Let's assume that the babysitters do not have their start and end times necessarily on the hour, and suppose we had an algorithm A that solves the problem in this case. I claim that we can use A to solve the sorting problem. Given positive integers $x_1,\ldots,x_n$, we want to sort them. Choose an integer $N > \sum_{i=1}^n x_i$. Let's say now that for each $i$, $1 \leq i \leq n$, that babysitter $i$ has a rate of $N-x_i$, and offers services from time $x_i/n \cdot 24$ to time $24$. Let's also consider an additional $0$th baby sitter which has rate $N$ and offers services for the whole $24$ hours. Using the algorithm, we'll find that the babysitters we use, in chronological order, have decreasing rates, and thus are increasing order in terms of their associated integers. Thus we've solved sorting in linear time plus the time of $A$. Under the normal model of computation, this forces the runtime of $A$ to be $\Omega(n \log n)$ since sorting can't be solved faster than $\theta(n \log n)$.

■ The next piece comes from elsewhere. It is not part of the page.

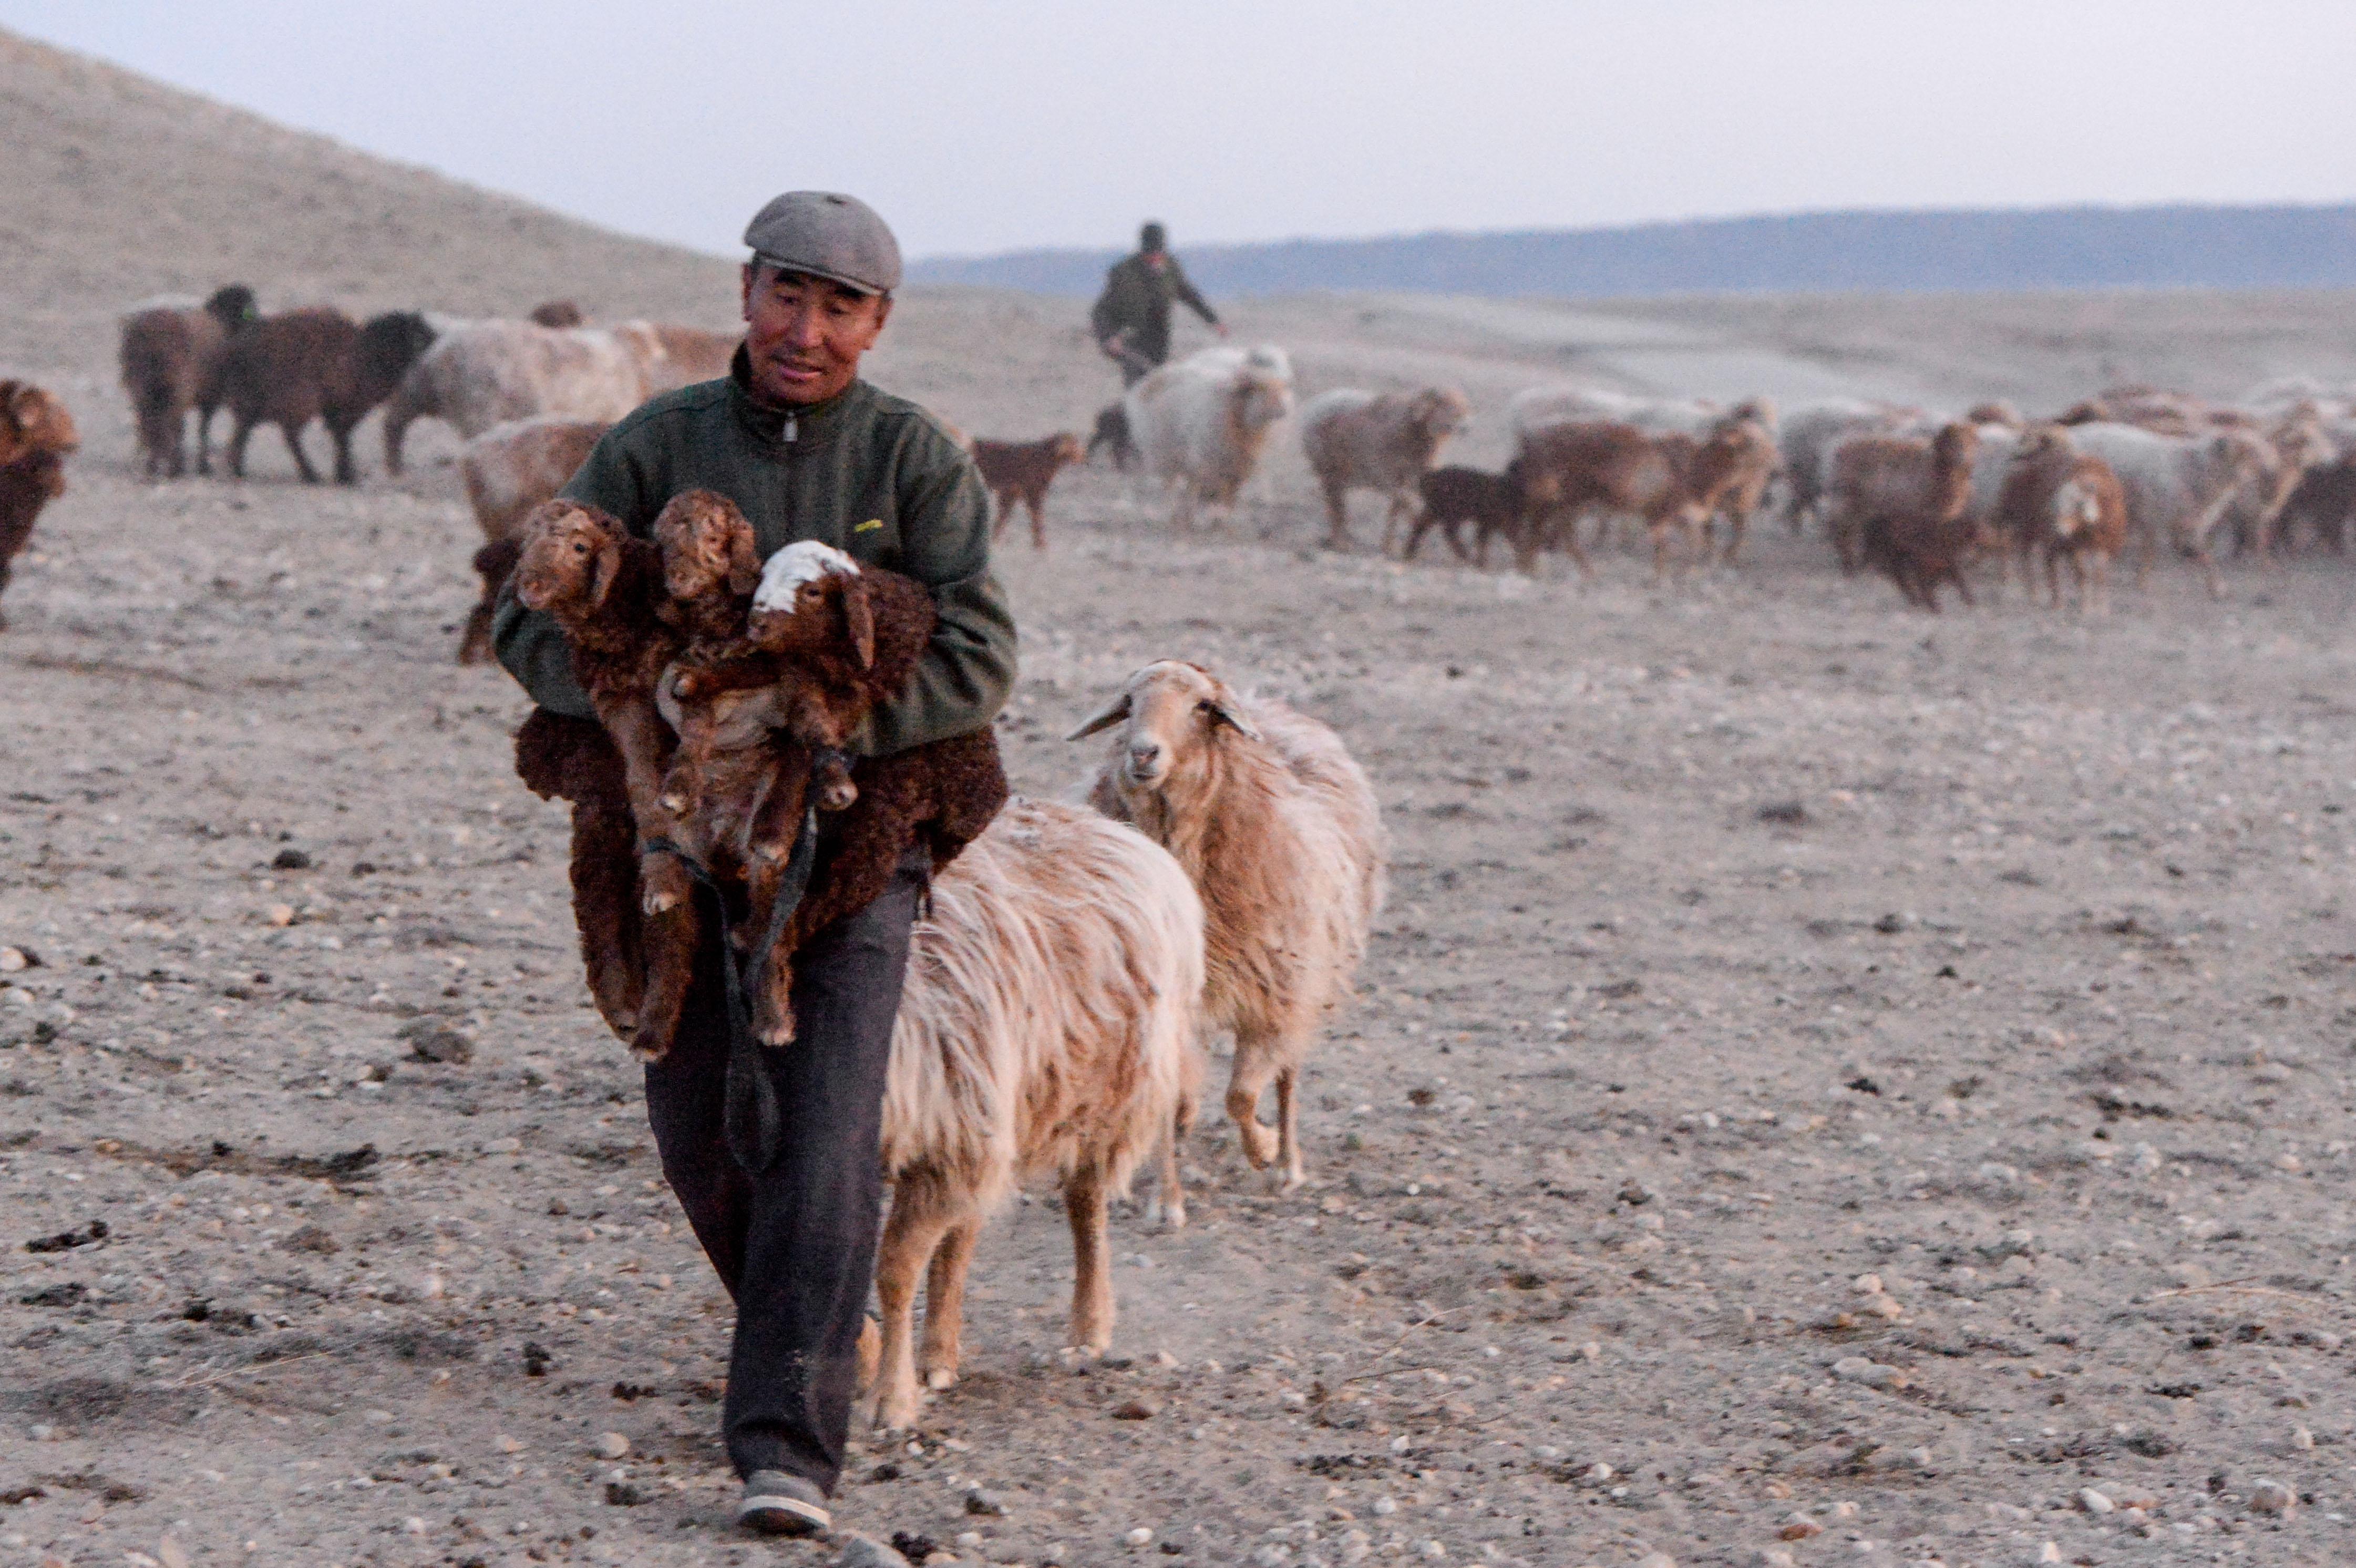 環境管理の単位は「羊」、牧畜民の春の大移動 中国・新疆
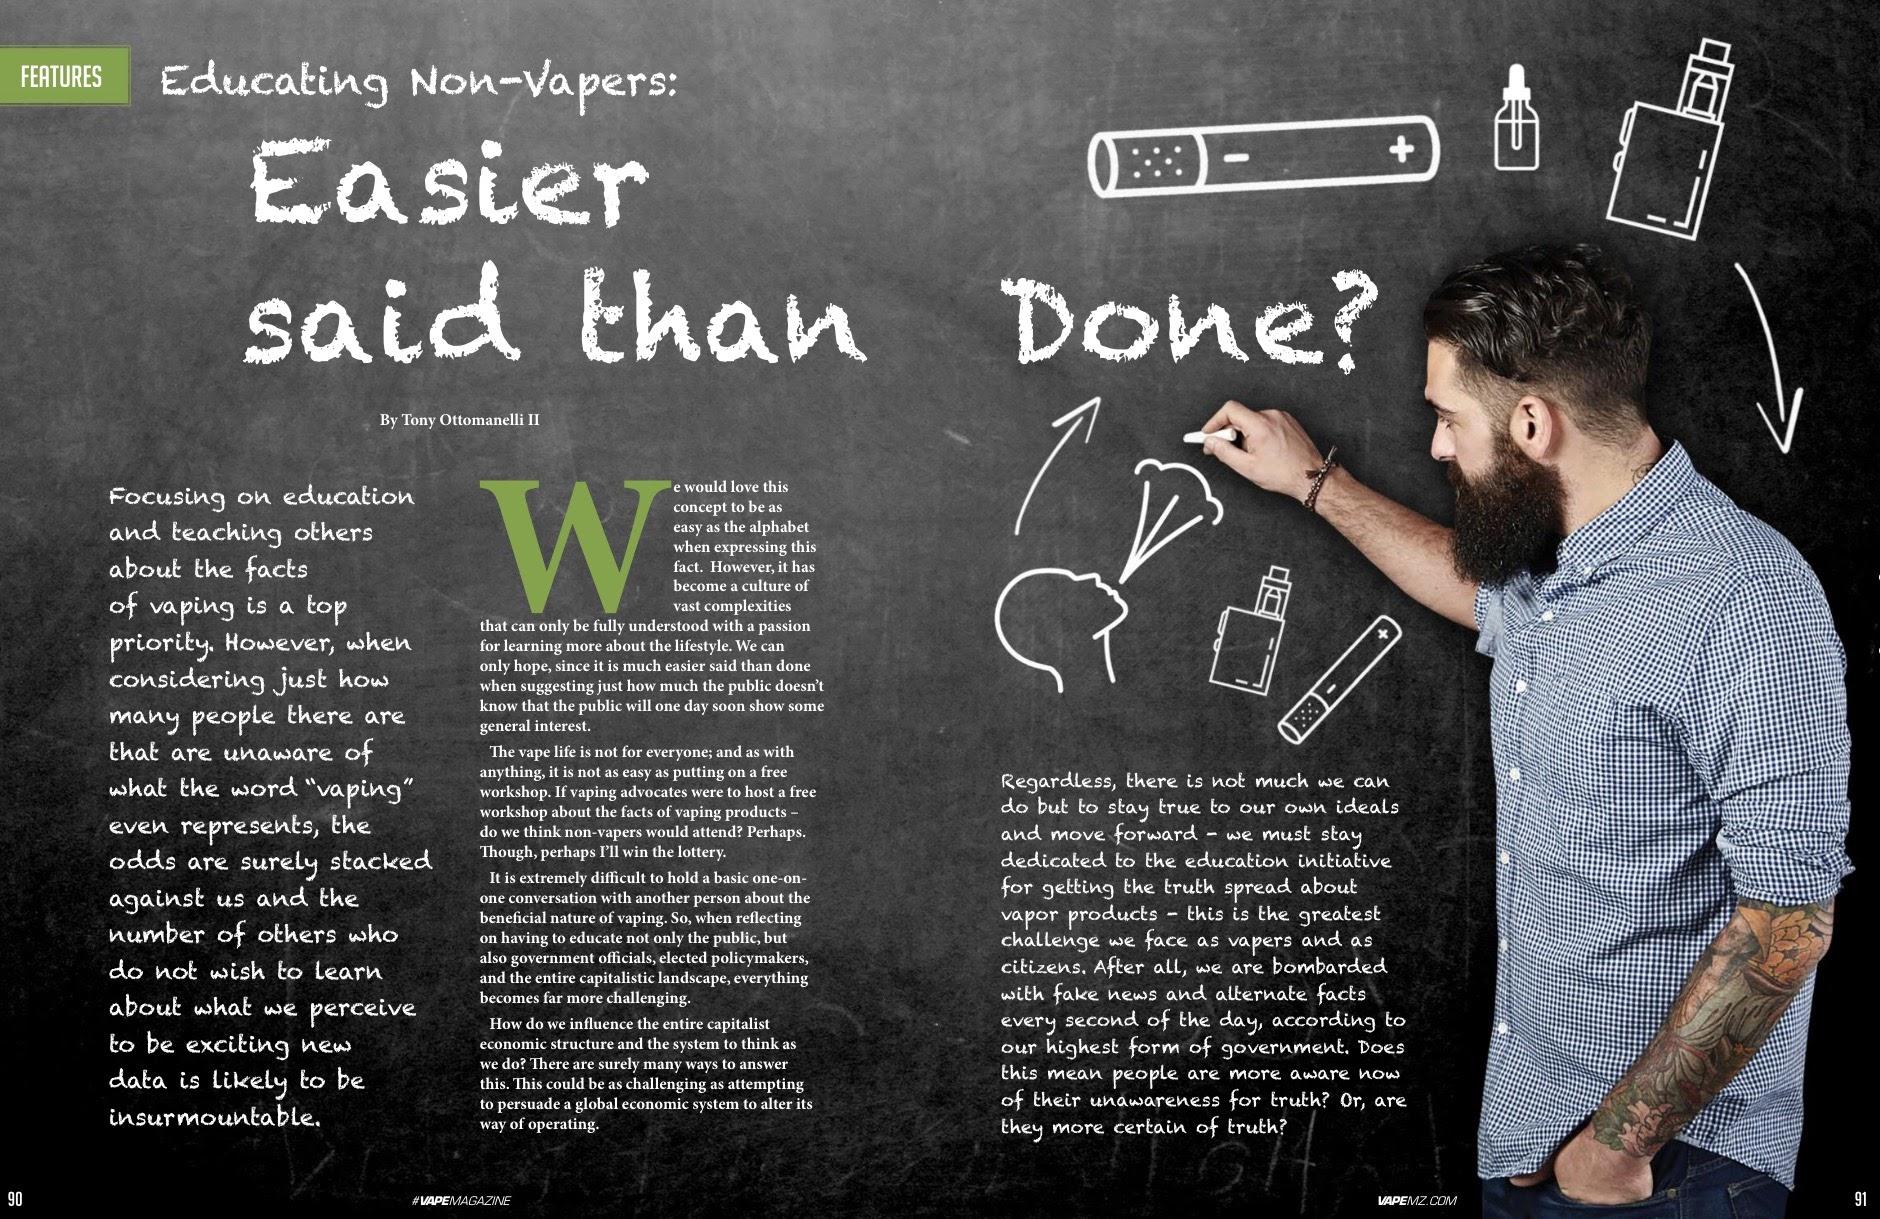 VAPE Magazine Published Article

If the number of starting and end times possible is finite, then this changes, and there is a linear time algorithm. What you do is make an array indexed by possible start/end times. Run through the babysitters and mark a start and end time at the appropriate place in the array. Then walk through the array, and at each point when a baby sitter ends/begins availability, update the optimal babysitter at that point. The time for walk is $O(n)$ since over the whole walk, you consider each baby sitter only twice, when they begin availability or when they end availability.